Like the tivo peanut? get yourself a tivo GLO remote, it has a learning feature so you can teach commands to it.


----------



## poulos_tim (Feb 14, 2003)

Not what I wanted to hear, but thanks for the information.

Don't plan on having the R10 for much longer (will upgrade to HD, which will require a new DirecTV DVR), so I guess I'll live with 2 remotes for now.


----------



## Edmund (Nov 8, 2002)

You could upgrade to the current Directv remotes now, it will control the tivo with code 01442, and the code for Sony receivers in AV2 codeset is 31758.

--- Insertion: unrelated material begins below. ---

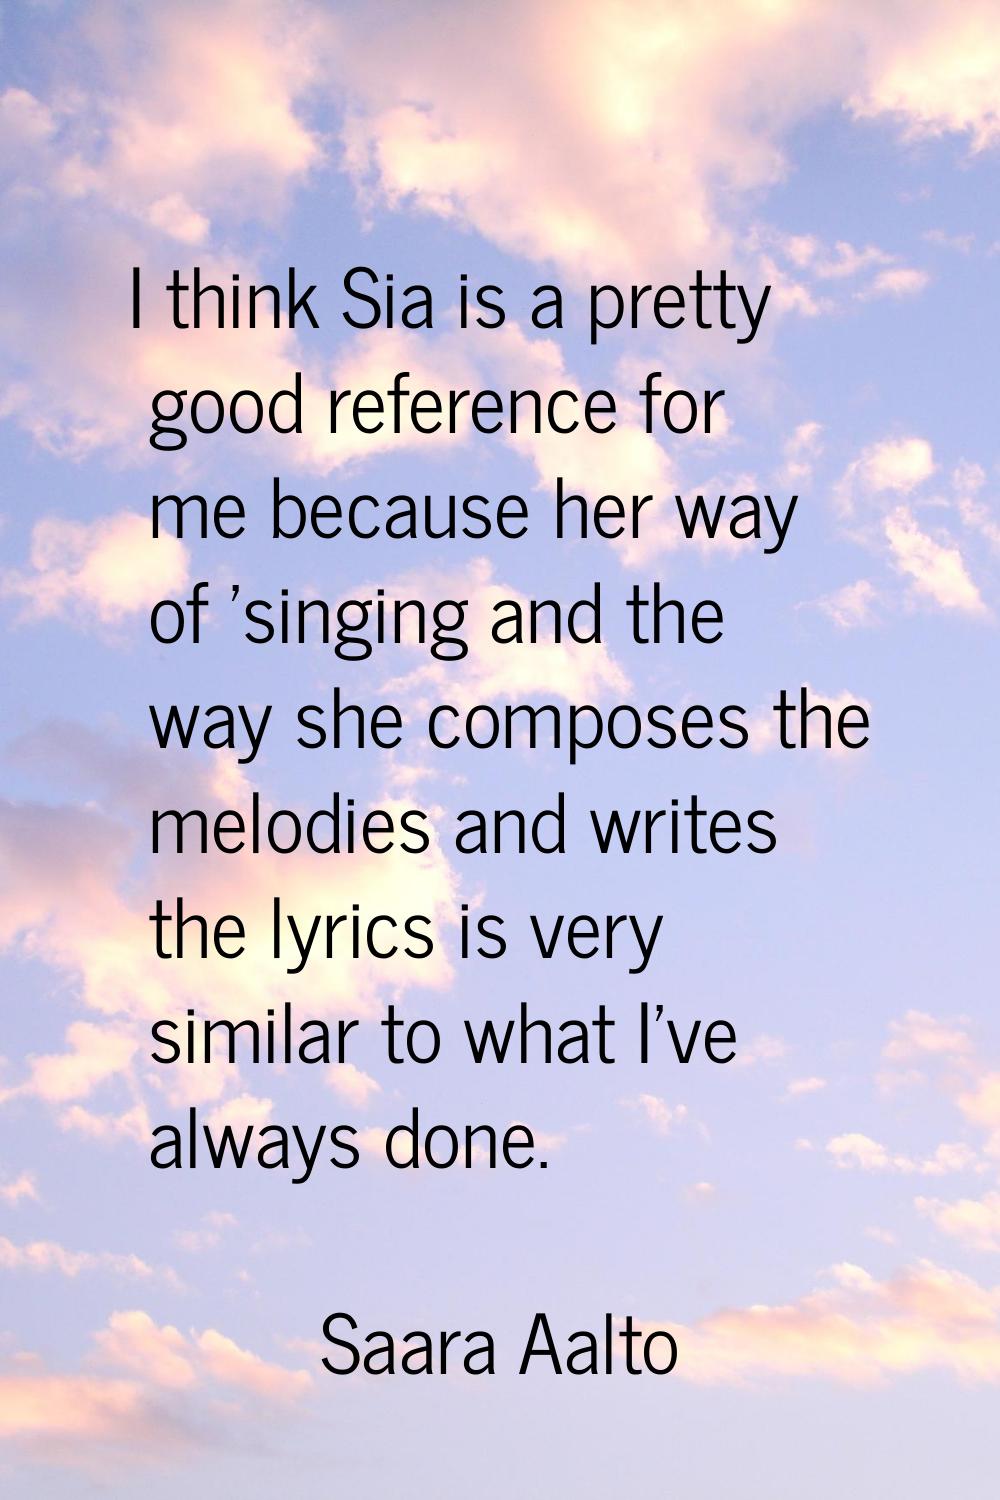 I think Sia is a pretty good reference for me because her way of 'singing and the way she composes

The NFL Logoed RF remotes is only $22. Of course the Rf remote won't control your tivo by RF, only IR.


----------



## poulos_tim (Feb 14, 2003)

Edmund,

I purchased the TiVo GLO remote and it's learning functions were able to pick up the signals for volumn up/down, mute and power for the A/V receiver. Is there some way for the power button to control both the TV and the A/V receiver? My current TiVo remote was able to power on/off both the TV and the A/V receiver with the same button, but I remember having to go through a specific set of steps to make that work.


----------



## Edmund (Nov 8, 2002)

I haven't done this myself, never owned a GLO remote, but:

http://www.tivocommunity.com/tivo-vb/showthread.php?p=4918810#post4918810


----------



## poulos_tim (Feb 14, 2003)

After a few attempts that seems to have done the trick.

Thanks.


----------